Statement of Terry O’Neill, President of National Organization for Women on White House Report on Women and Girls of Color

Washington, D.C. – The White House report “Women and Girls of Color: Addressing Challenges and Expanding Opportunity,” was released today in response to the calls of the African American Policy Forum and many allied advocates, including NOW, for a realignment of the My Brother’s Keeper initiative (MBK).  Unfortunately, it misses the mark.

The report catalogues the Administration’s accomplishments for women — all women — while noting that many girls and women of color benefit from those policies.  It also invokes the concept of intersectionality, noting that “the challenges women and girls of color face … often lie at the intersection of race and gender.”

But the report’s announcement of an initiative parallel to MBK, a “Working Group on Challenges and Opportunities for Women and Girls of Color”, is the wrong response. Firstly, separate is not equal.  Besides, by design, parallel initiatives are not intersectional.

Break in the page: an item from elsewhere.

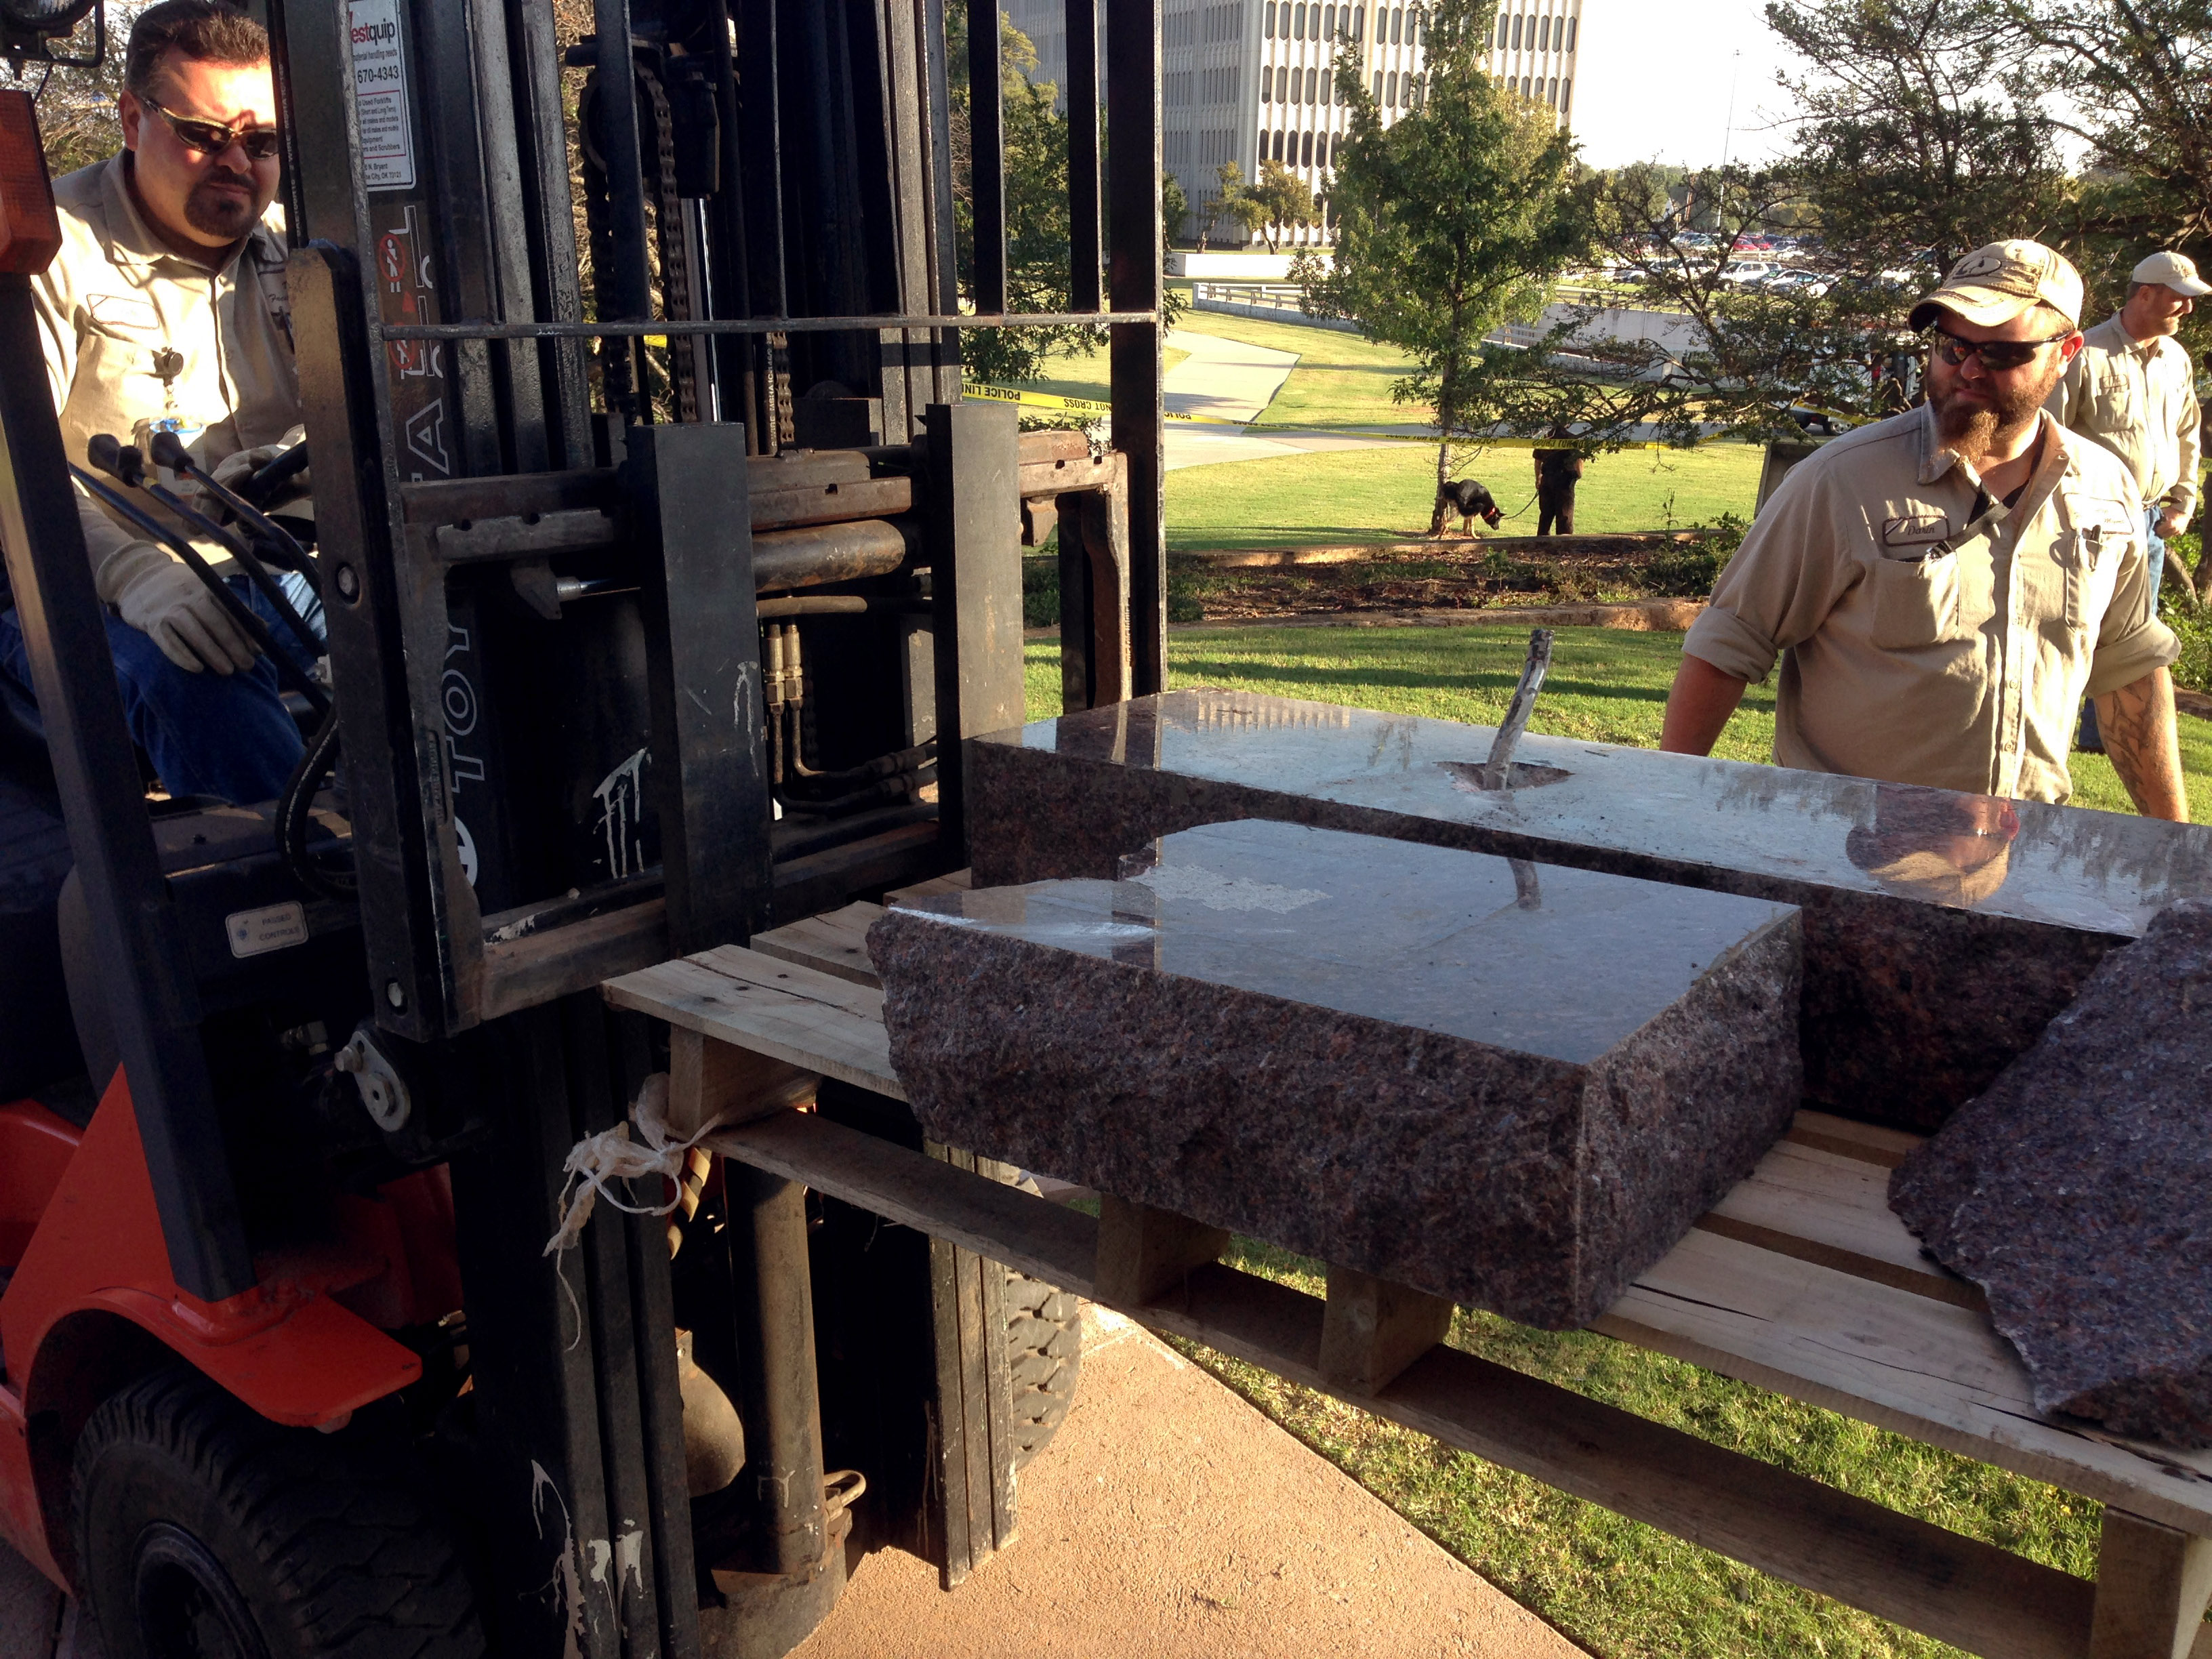 State workers for the Office of Management and Enterprise Services remove the damaged remains of a Ten Commandments monument from the Oklahoma State Capitol grounds on Oct. 24, 2014 in Oklahoma City. (Sean Murphy—AP)

NOW continues to believe that, to be an effective initiative, MBK needs to address the entirety of the problem of racial injustice: the gender-neutral racial barriers boys and girls share in common — like inadequate schools, households with below-poverty incomes, and crumbling infrastructure — as well as gendered racial stereotypes (for example, that boys and men of color are dangerous; that girls of color are sexually promiscuous; or that single mothers of color are bad parents).

We call on the White House to realign MBK’s frame by including girls and women of color, recognizing that racism is often gendered, and that all the members of communities of color are entitled to justice, equally and together.

For women and girls of color, it’s not yet time to celebrate.